AC is 100% wrong - in fact he's got it backwards!
Apple colluded with publishers to raise the price of e-books, not lower them! The publishers have never liked that Amazon sold books cheaper than everyone else and were happy to make little or no money on them - Amazon has barely made any profit ever (check their earnings reports if you don't believe me) but the greater fool theory has kept their stock price in dot.com bubble range since the dot.com bubble burst for everyone else so they don't need to make money as they always use their shares for cash.
The publishers knew that the longer Amazon does that, the more brick and mortar bookstores get put out of business. That's why there are so many fewer than there were when Amazon started. Now Amazon was doing the same thing to e-books, pricing them so low they made little or no money, because they wanted to dominate the e-book market in the way they were dominating the physical book market.
Apple went to them and got them all to agree to set a minimum price for their books below which they couldn't be sold. They didn't have to twist any arms, the publishers all wanted this, but couldn't do it alone because they feared Amazon would quit selling their books if they went it alone and other publishers didn't match them. Apple got them all to agree "I'll do it if you all will", basically (which is collusion, and is illegal) Effectively it forced Amazon to raise their prices and start making money on their books. Unfortunately for Amazon, it meant they had no way to beat the competition by undercutting them, which is their entire strategy. Consumers didn't like it either, because e-books cost more without Amazon selling them at a no-profit price.
The DoJ stepped in, and invalidated those agreements, so Amazon can go back to undercutting everyone and making little or no money selling e-books, and Apple and the publishers are being called to the carpet for violating the law.
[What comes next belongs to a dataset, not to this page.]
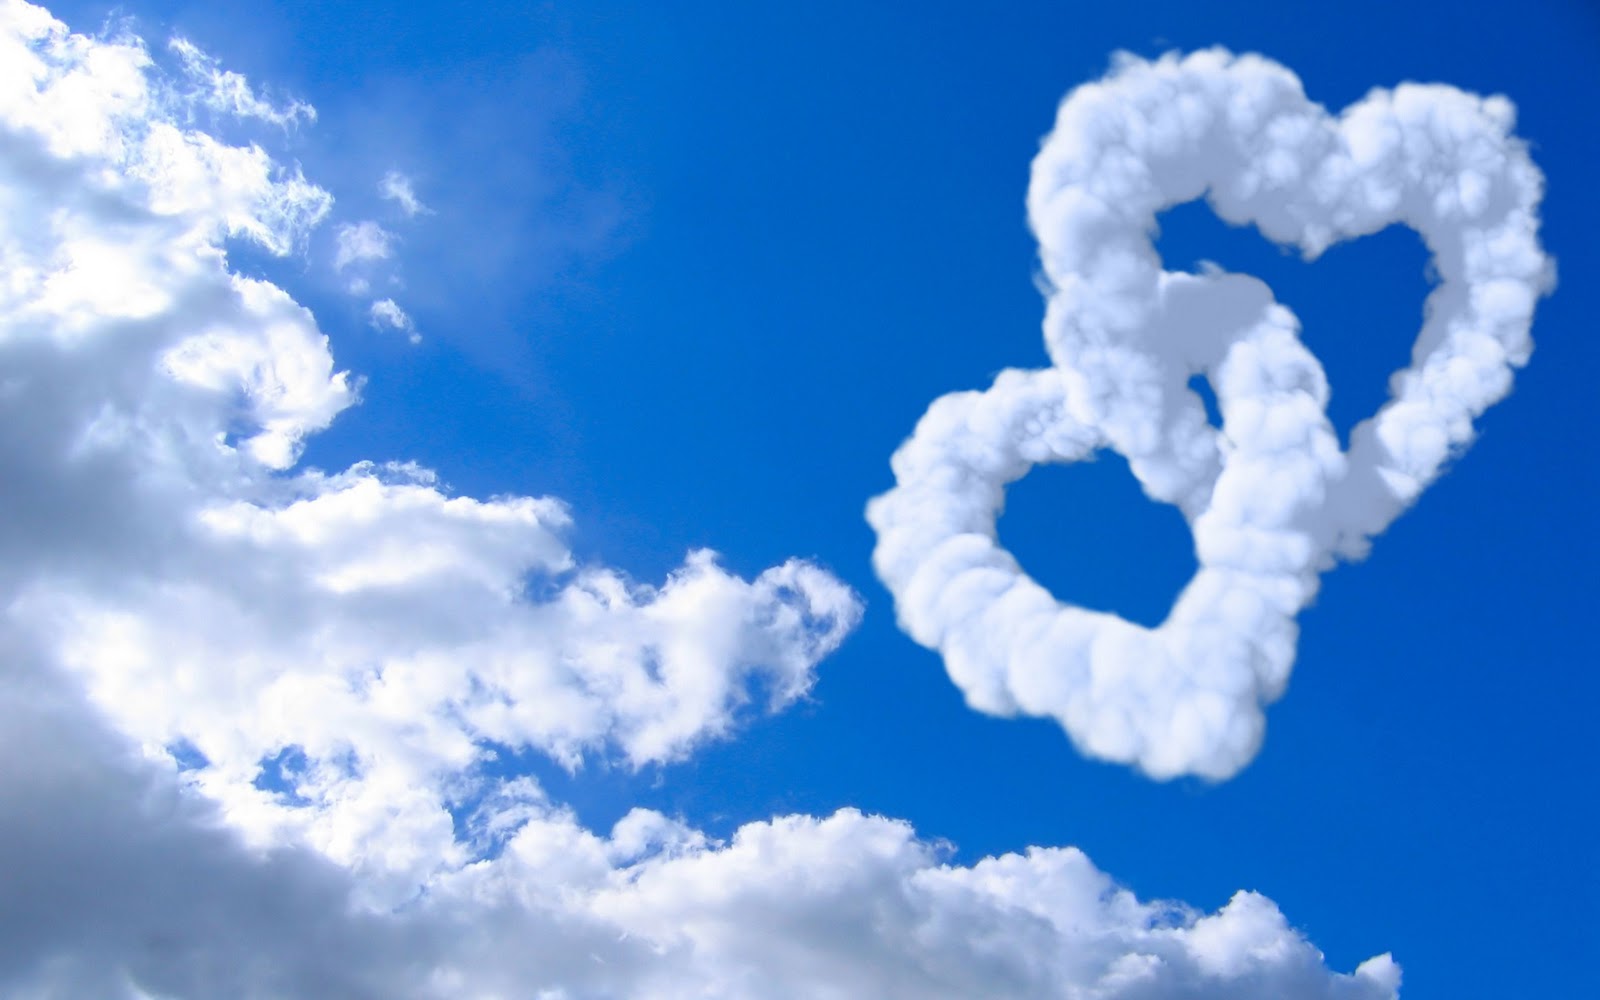 http://2.bp.blogspot.com/-XL8ks3tSBts/TygKoZsPJ2I/AAAAAAAAC8k/oySSJd9rKoU/s1600/love_hearts_clouds_in_blue_sky-wide.jpg

Amazon is playing the long game, figuring that they will eventually control the book market (both physical and e-book) so tightly that they will be able to tell the publishers what to do - and lo and behold, if you read the news they're doing just that with Hachette. They want to continue to drive down the profit that everyone else makes so the price of books becomes lower and lower so no one else can possibly compete with them. When they are utterly dominant in the book world, they'll be able to price books however they want, and collect almost all the profit. That's why their stock price is so high, everyone owning it is waiting for the day when Amazon has run all the competition out of business and quits selling stuff at a profitless margin and starts raking in monopoly profits.
When that happens, consumers will be screwed, because if they want books they won't have anyone else to buy them from but Amazon, and if Amazon charges $20 for a e-book and the author gets $1 and the publisher gets $1, well that's just too damn bad.